Capron’s practice explores how clothing is used as a marker of class, gender, and cultural identity. Composed with a variety of recycled, off-cut, and store-bought fabrics, her works merge privileged textiles with those that have been rejected and discarded as excess. By contrasting common fibers like cotton with more luxurious fabrics like silk, the artist addresses material hierarchies in art and fashion to parallel the power dynamics that exist within class and gender.
In addition to serving as a metaphor for society’s inequities, her use of mainstream and mass market materials functions as a subversive gesture to challenge the homogenizing capitalist landscape. Enlisting an intentional range of materials, including fabrics readily accessible to all, the artist stages a space for difference to thrive. Drawing from immigrants’ experiences, she is invested in the friction of mistranslations—of failing to “dress the part,” or having one’s pride in self-expression overcast by exoticization or coercive assimilation.

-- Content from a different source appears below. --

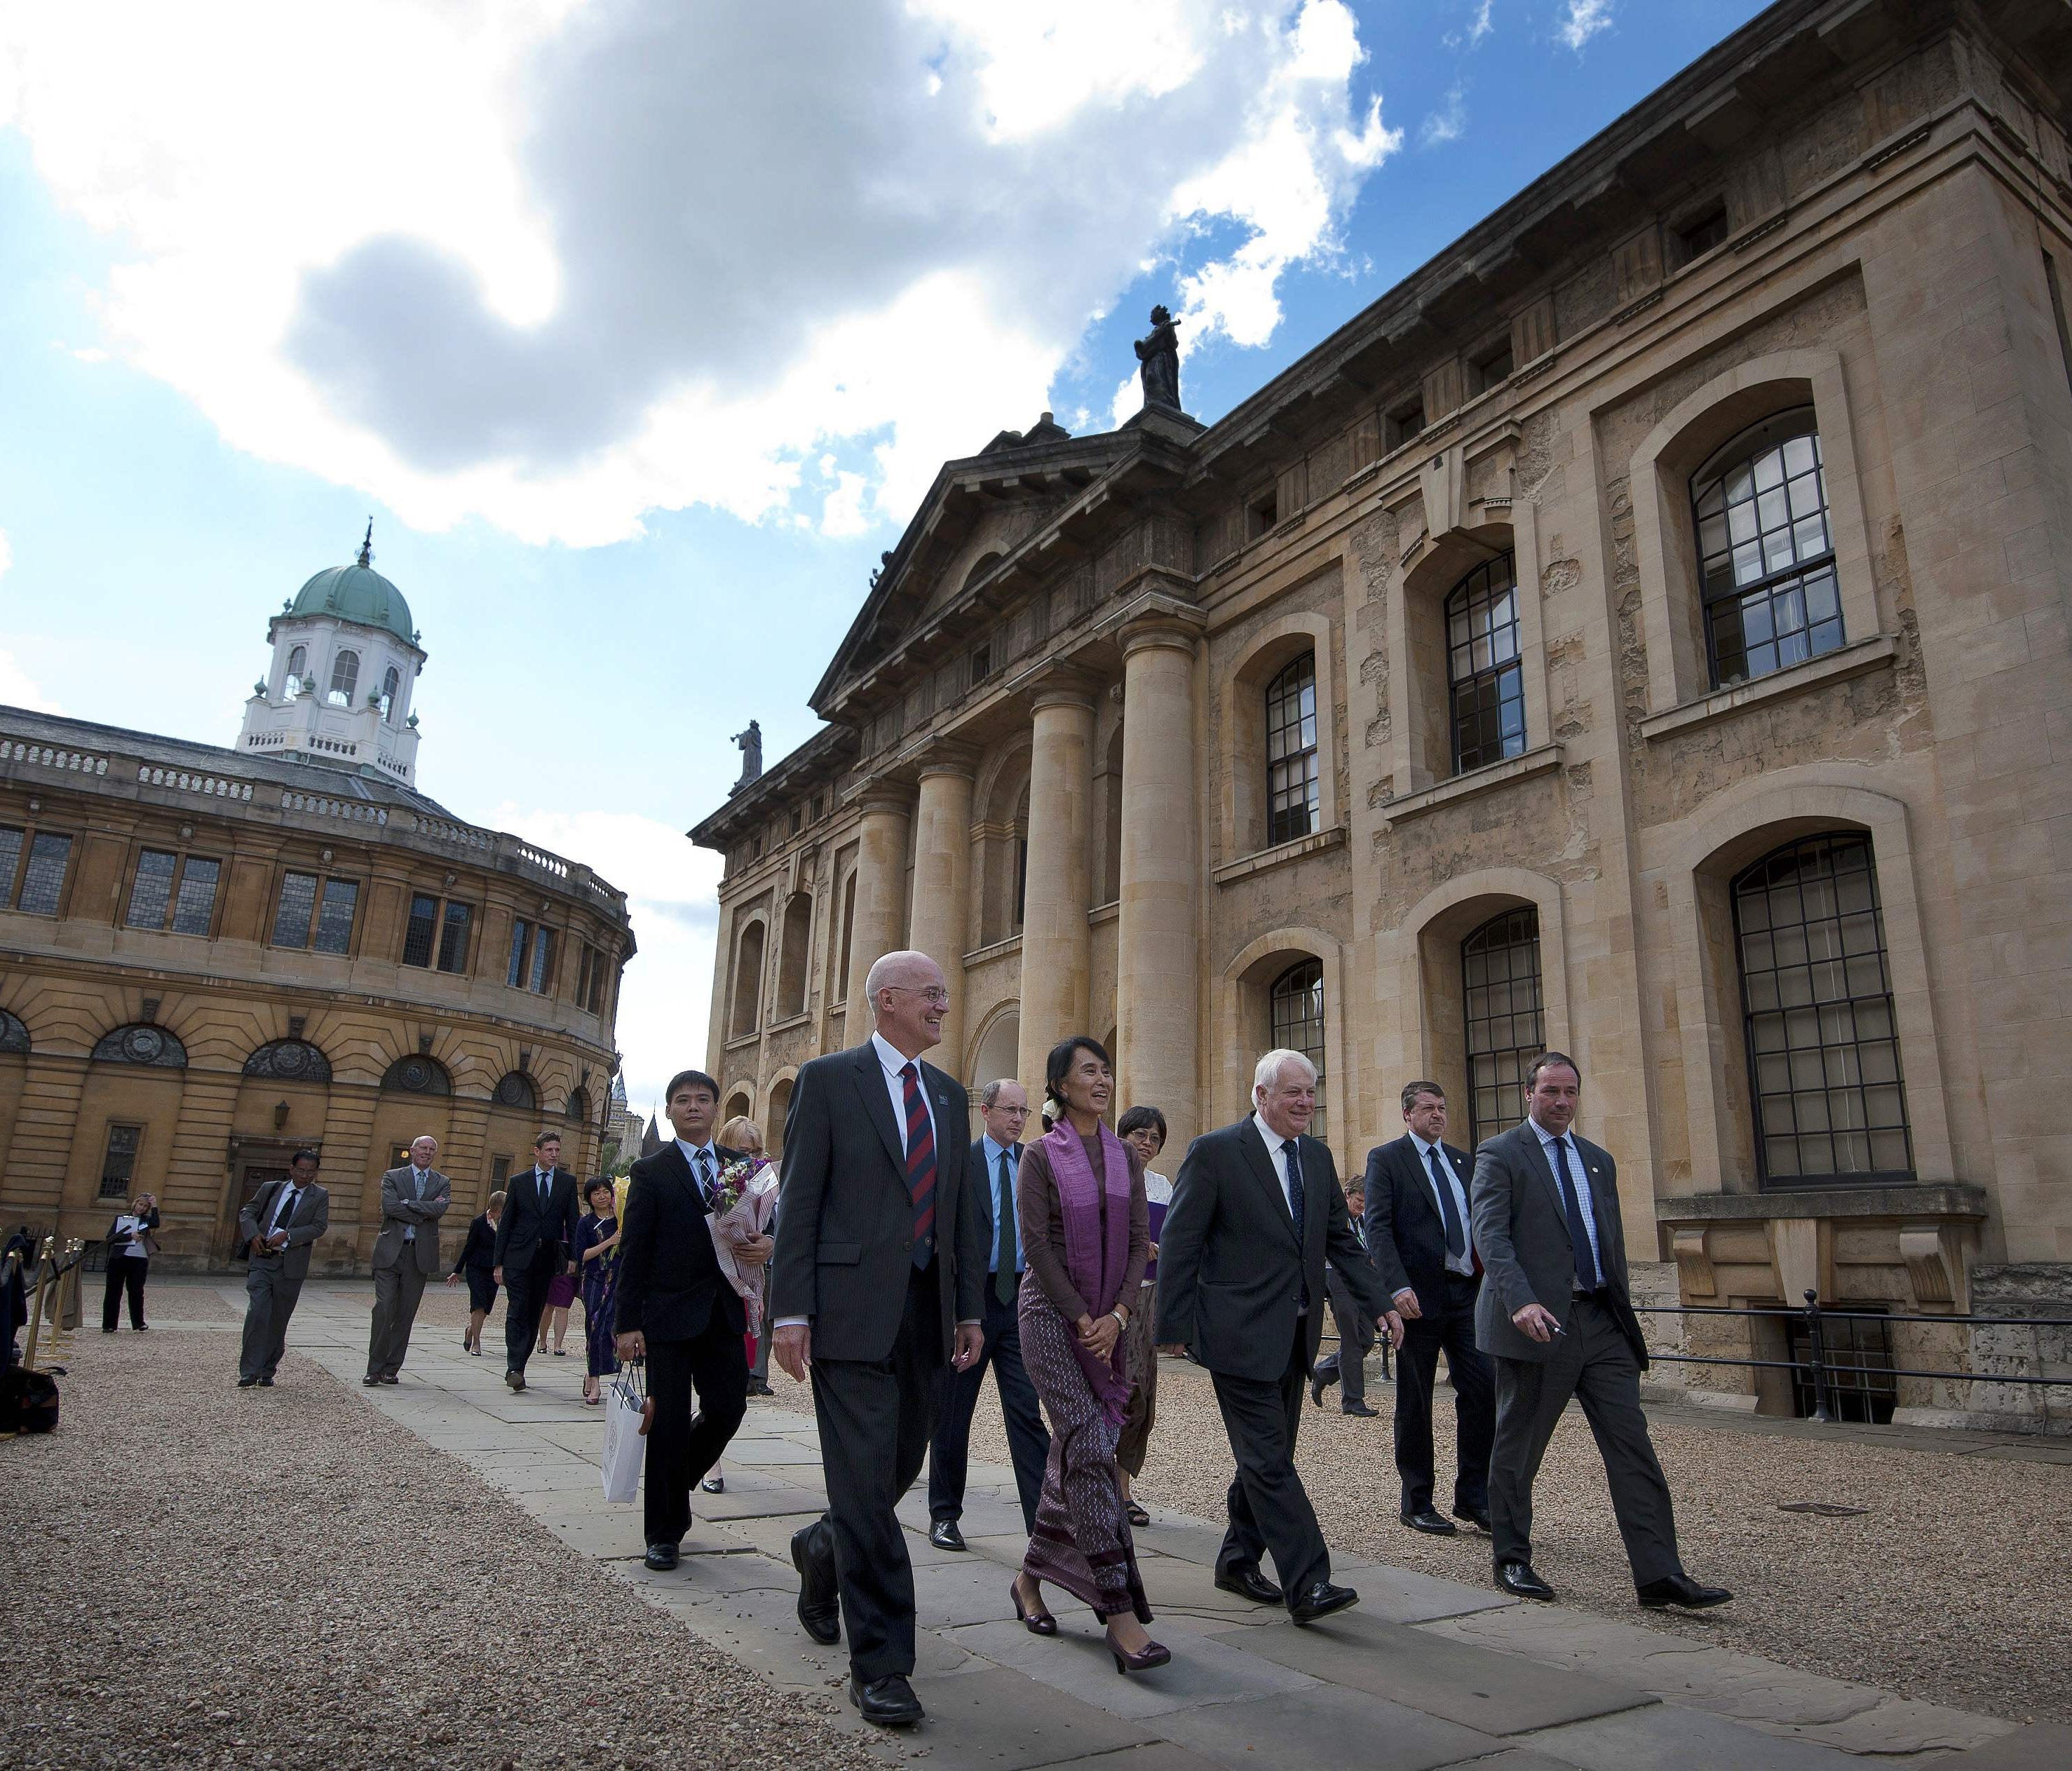 This file photo taken on June 19, 2012 shows Myanmar leader Aung San Suu Kyi as she leaves after visiting the Bodleian Libraries at Oxford University in Oxford, northwest of London.

Exaggerated body parts—signature moves in Capron’s work—render muscular arms that embrace, puffy fingers that clasp together, and slinky legs that intertwine to become one. Through eclectic fabric and subtly painted brushstrokes, these interlaced figures confront the viewer and become an invitation for vulnerability, openness, and individual expression.
Maria A. Guzmán Capron (b. 1981, Lives and works in Oakland, CA) was born in Italy to Colombian and Peruvian parents. She received her MFA from California College of the Arts in 2015 and her BFA from the University of Houston in 2004. Solo exhibitions include the Blaffer Art Museum, Houston, TX; Shulamit Nazarian, Los Angeles, CA; Texas State Galleries, San Marcos, TX; Premier Junior, San Francisco, CA; Roll Up Project, Oakland, CA; and Guerrero Gallery San Francisco, CA. Select group exhibitions include Contemporary Jewish Museum, San Francisco; Berkeley Art Center, Berkeley, CA; Shulamit Nazarian, Los Angeles, CA; pt.2 Gallery, Oakland, CA; NIAD Art Center, Richmond, CA; CULT Aimee Friberg Exhibitions, San Francisco, CA; Buffalo Institute for Contemporary Art, Buffalo, NY; Deli Gallery in Brooklyn, NY; and Mana Contemporary in Chicago, IL. Her works have been written about in Hyperallergic, Variable West, Bomb Magazine, and Art in America. Capron is a 2022 recipient of SFMOMA’s SECA Award and her work is currently featured in the exhibition, Respira Hondo, at SFMOMA through May 2023.